◆ Exercise input:
╭──

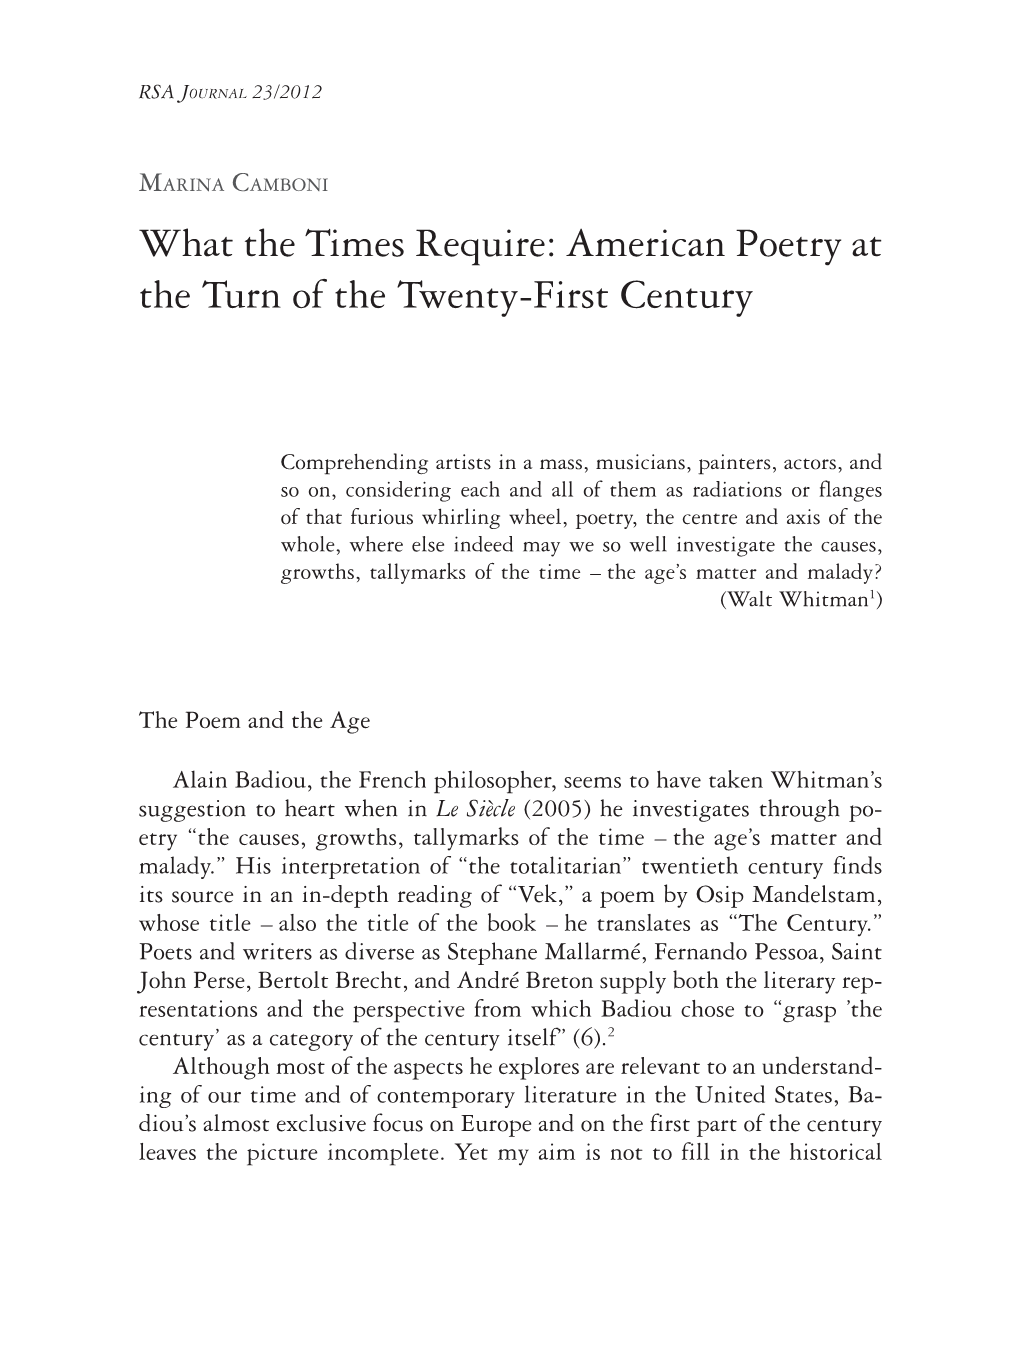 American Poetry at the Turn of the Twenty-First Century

╰──
╭──

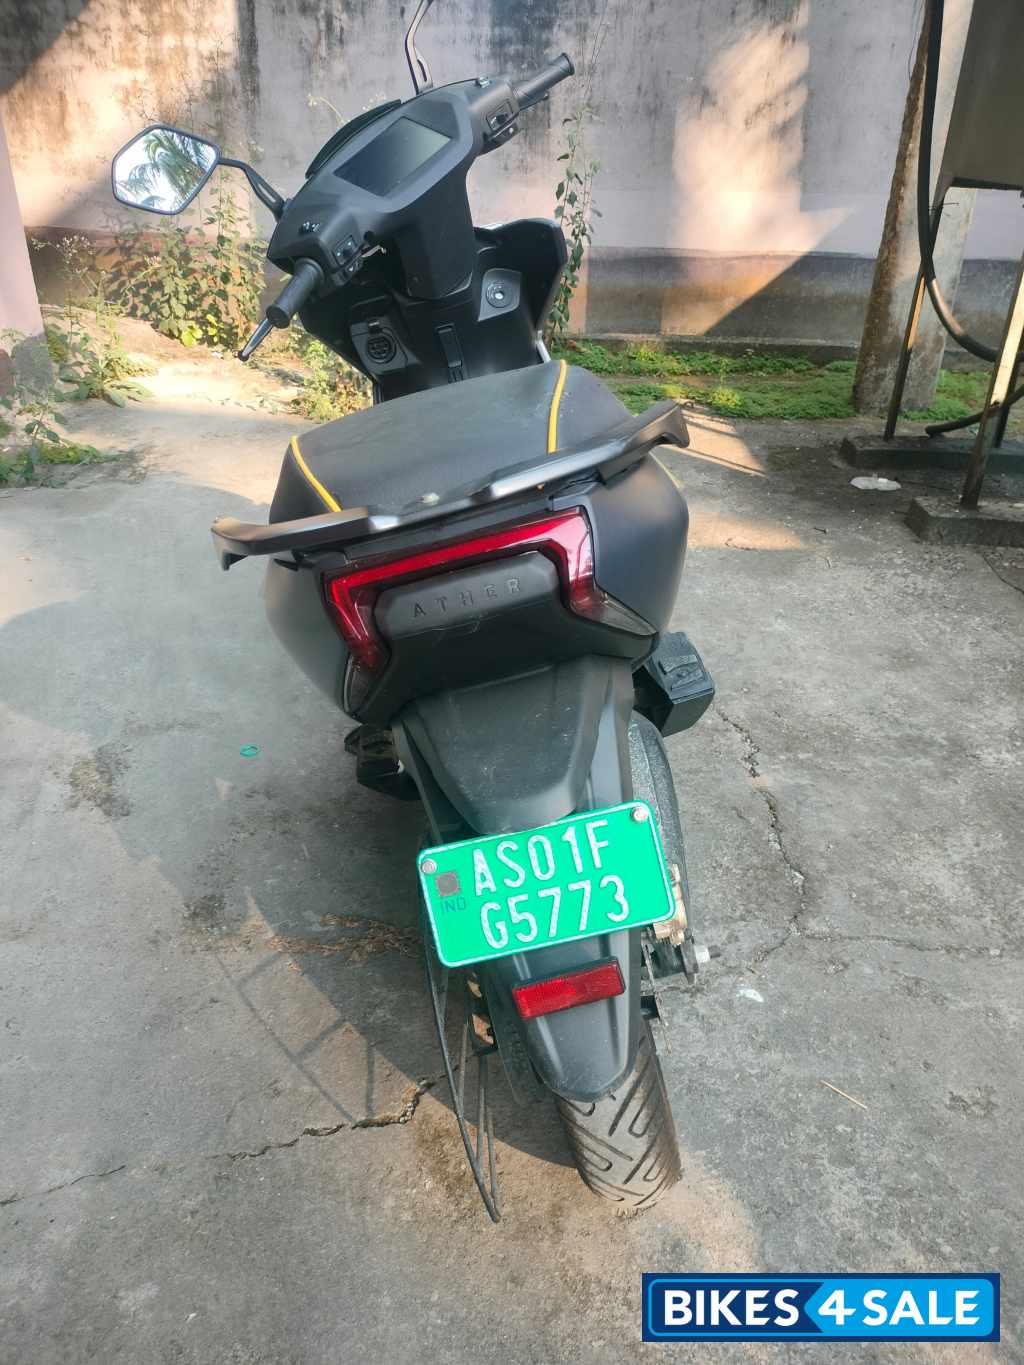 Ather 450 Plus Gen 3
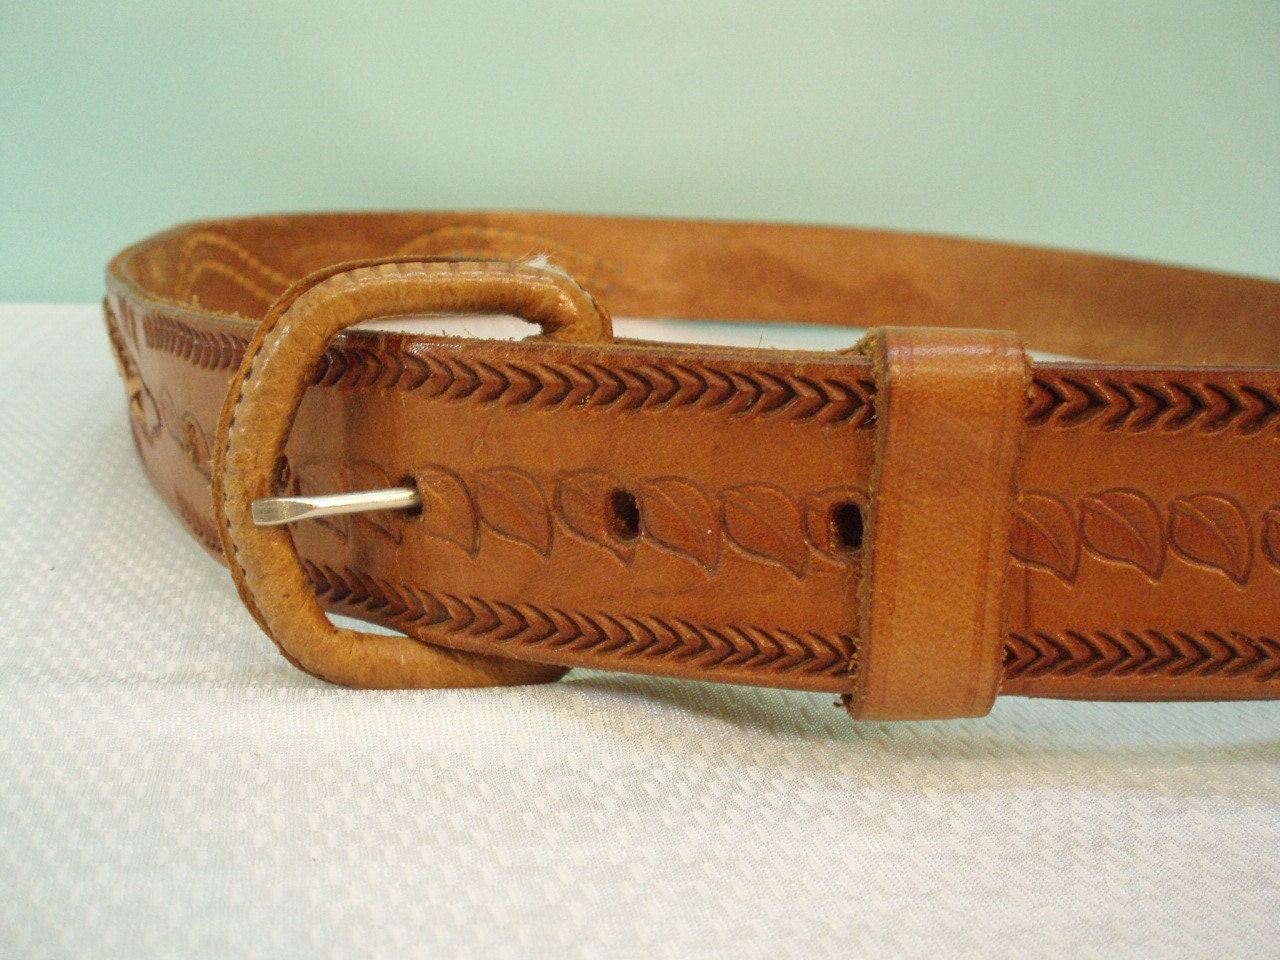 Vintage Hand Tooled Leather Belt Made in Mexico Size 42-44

╰──

◆ Task objective: Everything above from the line with "Ather 450 Plus Gen 3" through the line with "Vintage Hand Tooled" should be retyped exactly, and nothing else; omit pictures.

◆ Result below:
 Ather 450 Plus Gen 3
 Vintage Hand Tooled Leather Belt Made in Mexico Size 42-44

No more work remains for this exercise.